AIM OF THE TASK
Copy out all of the data word for word. Omit every picture.

GIVEN DATA
§
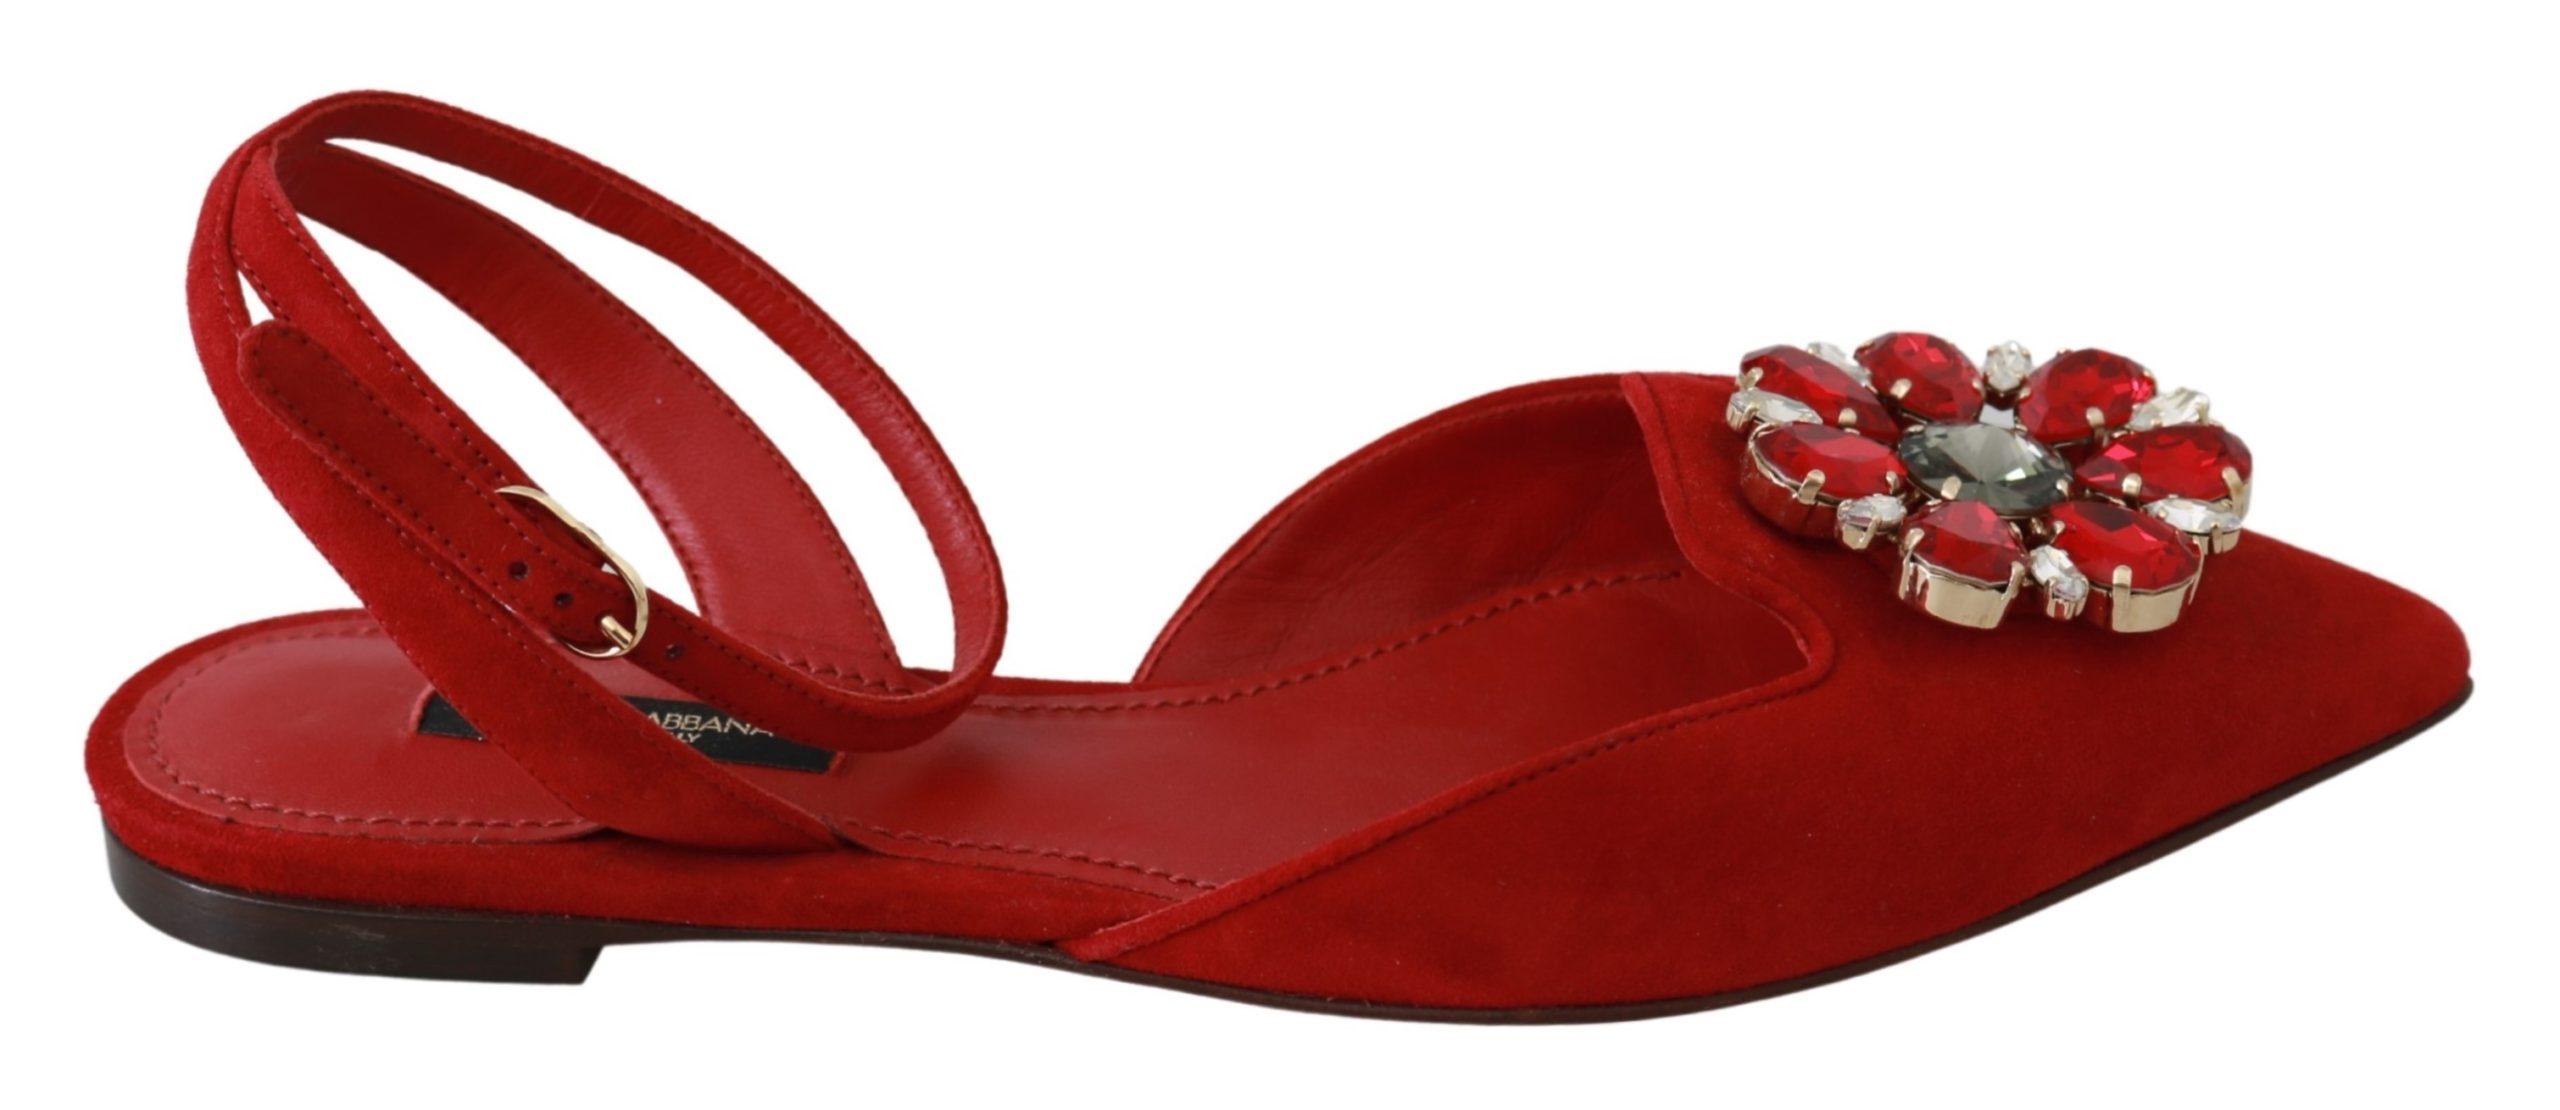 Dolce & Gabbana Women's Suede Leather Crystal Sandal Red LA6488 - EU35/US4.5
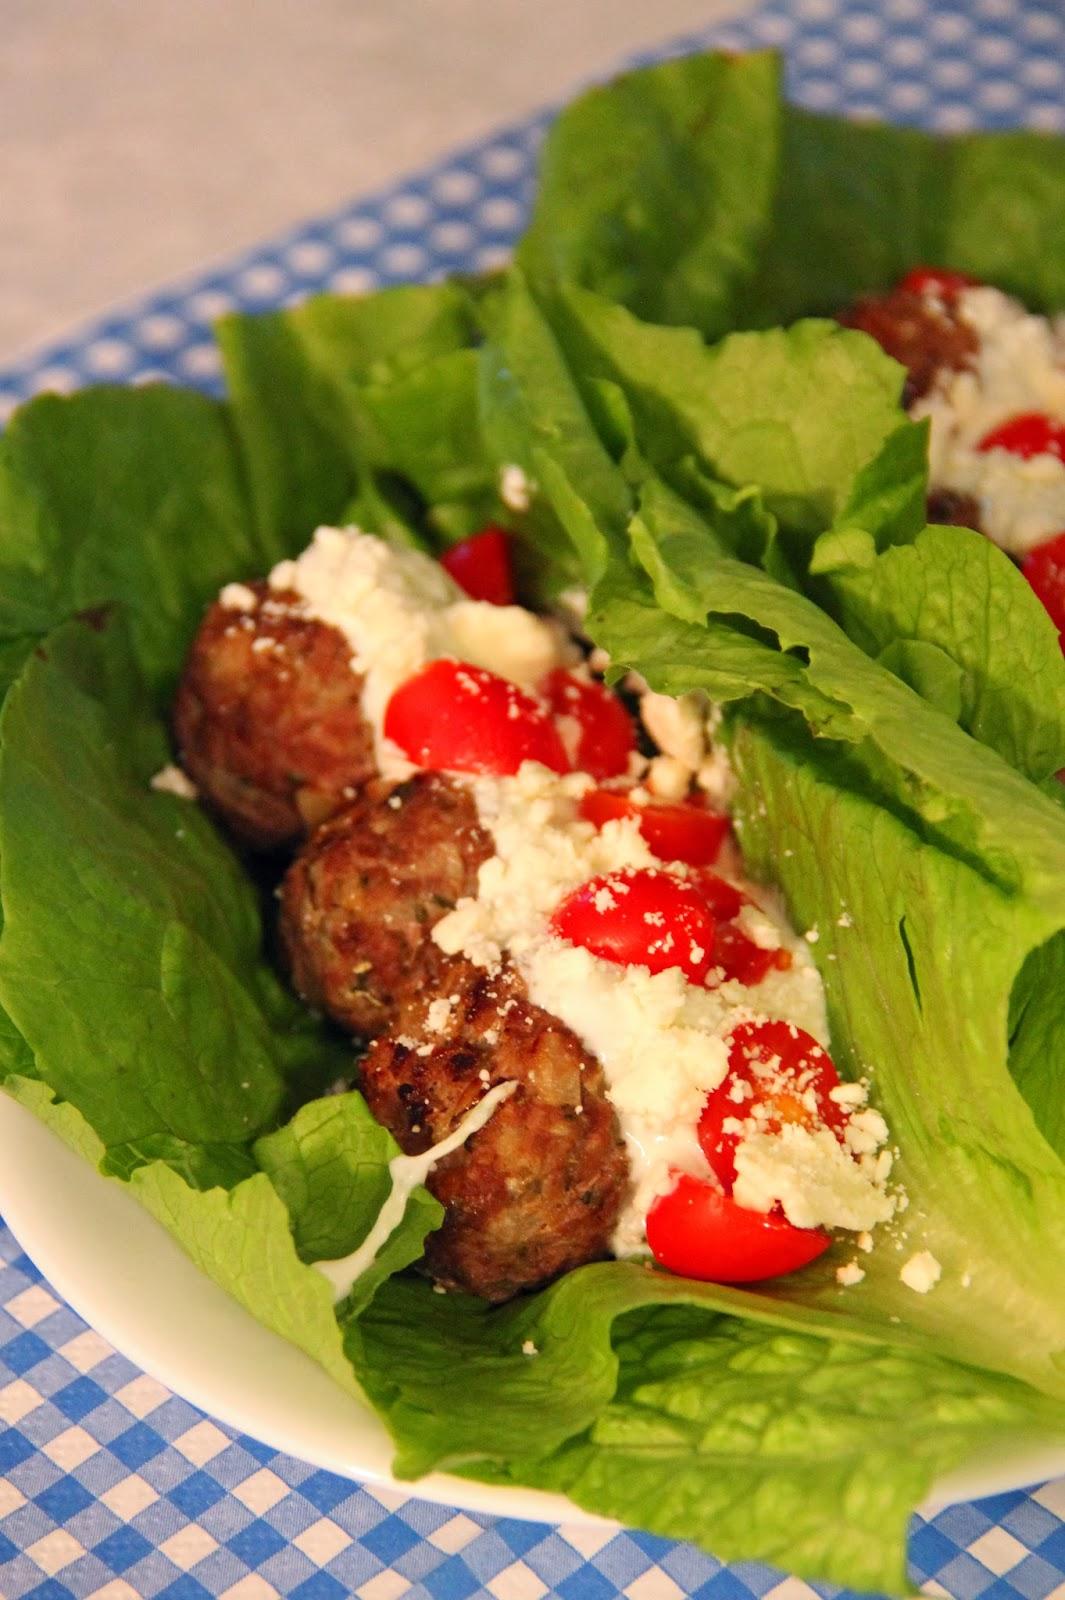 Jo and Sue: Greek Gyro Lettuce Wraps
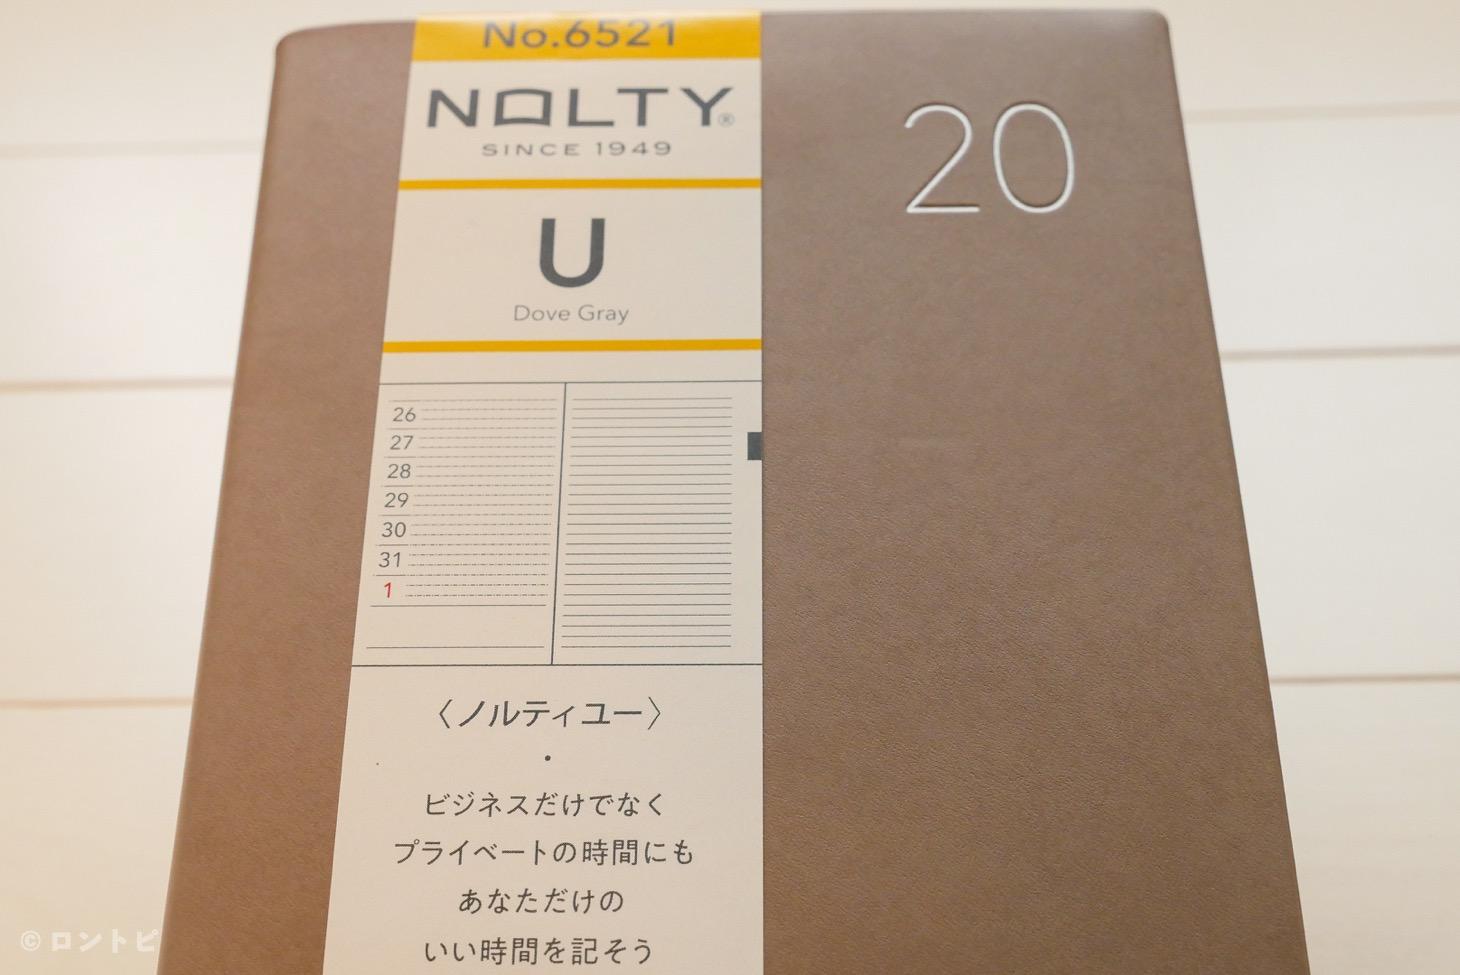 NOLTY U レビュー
§
OUTPUT FOR THIS TASK
 Dolce & Gabbana Women's Suede Leather Crystal Sandal Red LA6488 - EU35/US4.5
 Jo and Sue: Greek Gyro Lettuce Wraps
 NOLTY U レビュー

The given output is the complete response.